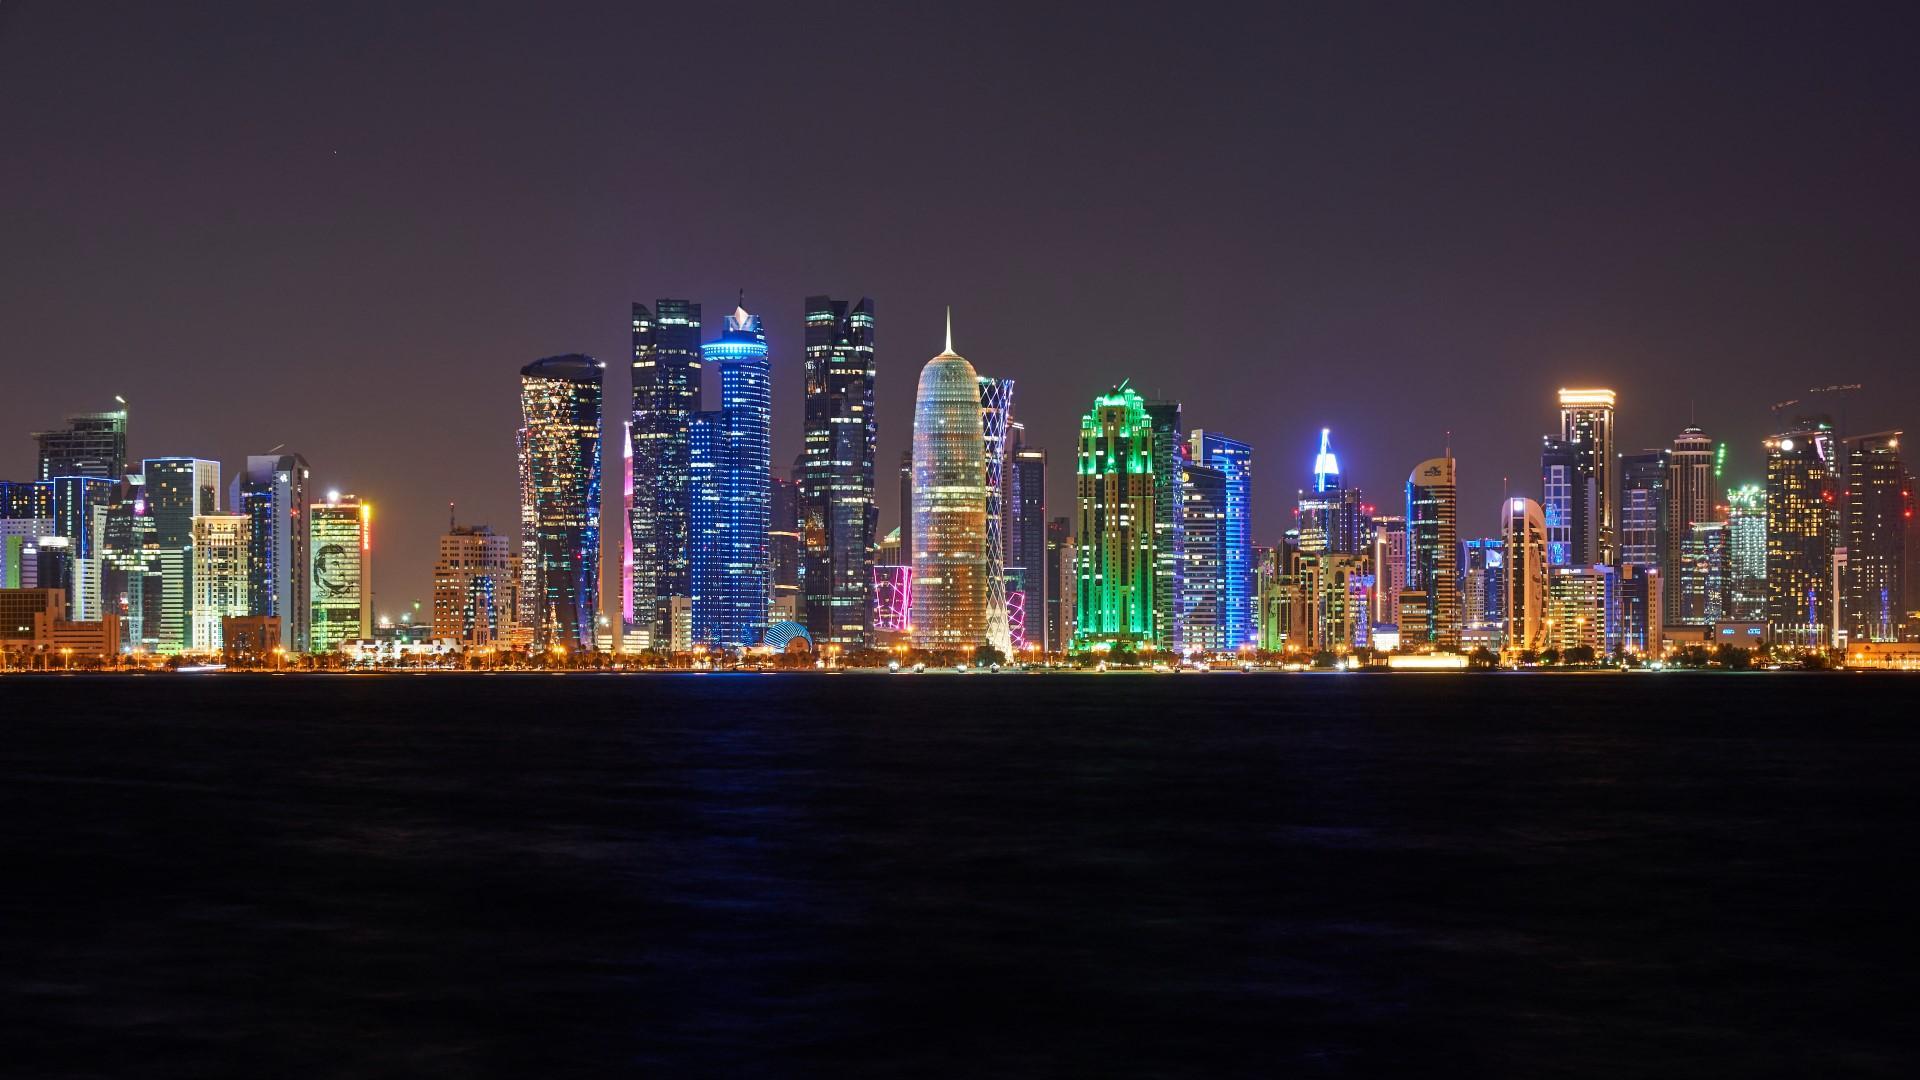 Lavorare In Qatar Architetto qatar: i piaceri di doha, tra un aereo e l'altro - tgcom24
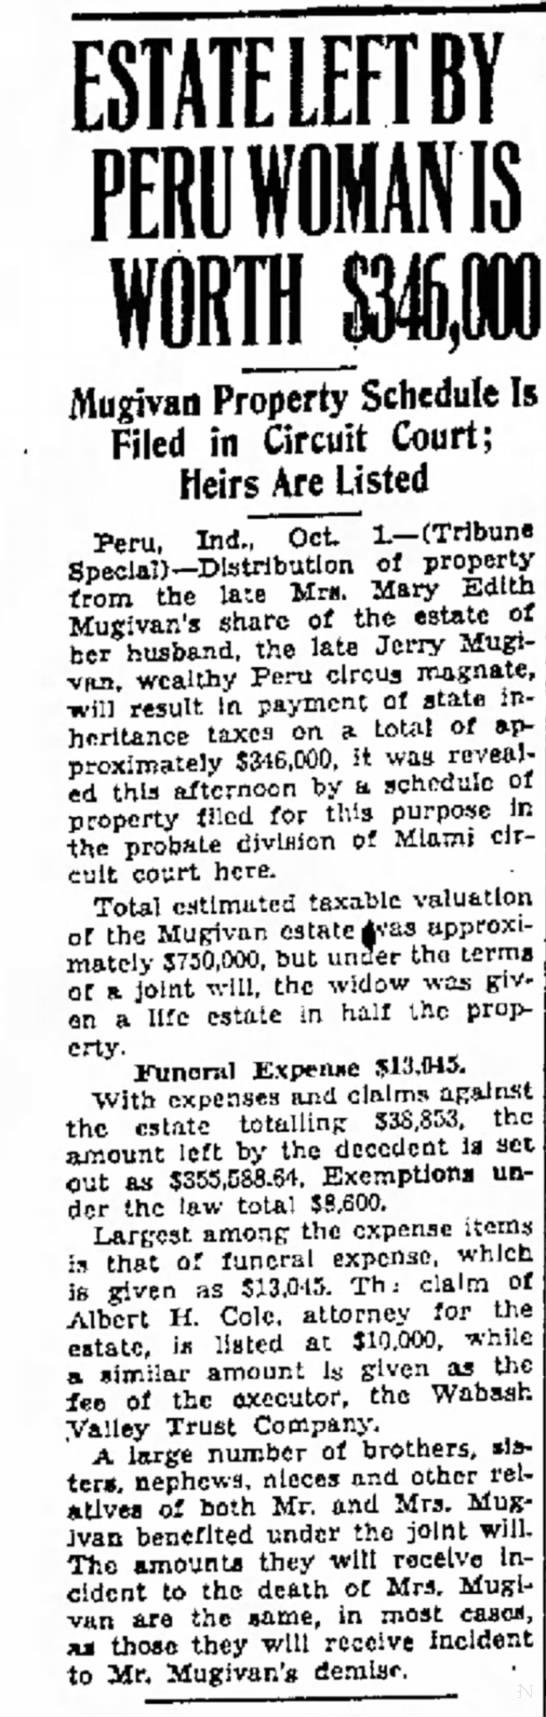 Mugivan Estate 10-2-1937 - ESTATE LEFTBY Pfl I Alugivan Property Schedule...
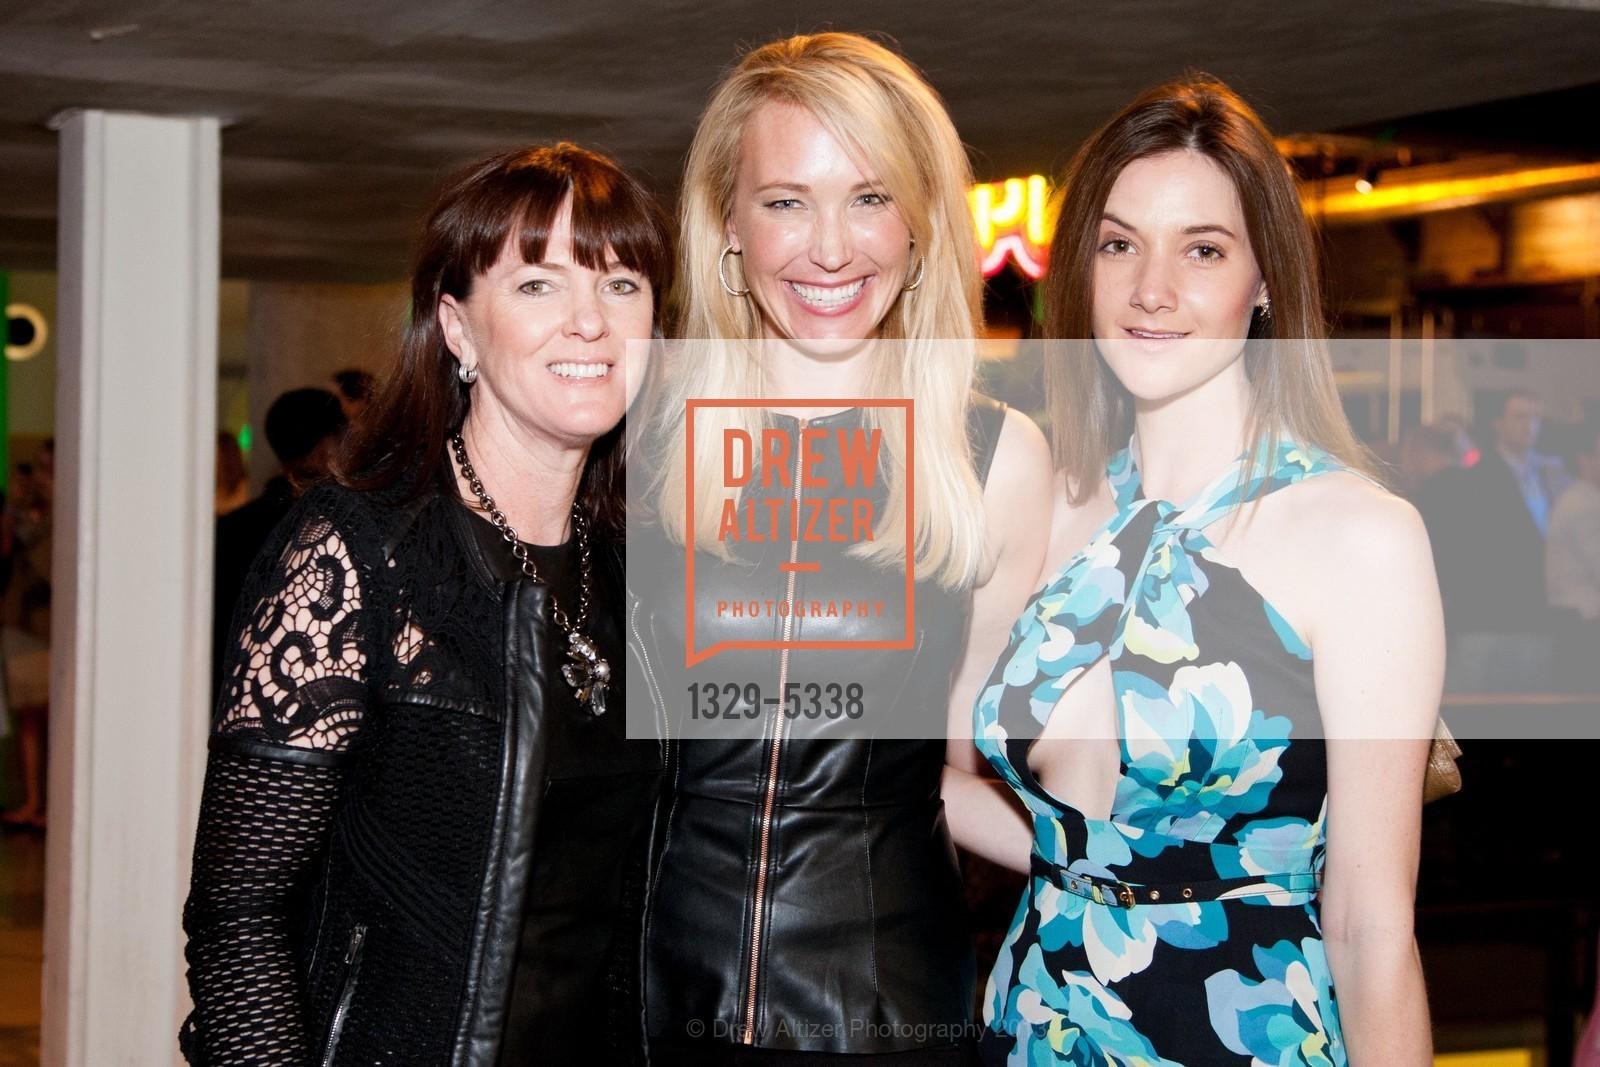 Allison Speer, Victoria Yeager, Ashley Herman, Photo #1329-5338

====

■ What you need to do ■
Give the data again exactly as it appears, but without any images.

■ Task result ■
 Lavorare In Qatar Architetto qatar: i piaceri di doha, tra un aereo e l'altro - tgcom24
 Mugivan Estate 10-2-1937 - ESTATE LEFTBY Pfl I Alugivan Property Schedule...
 Allison Speer, Victoria Yeager, Ashley Herman, Photo #1329-5338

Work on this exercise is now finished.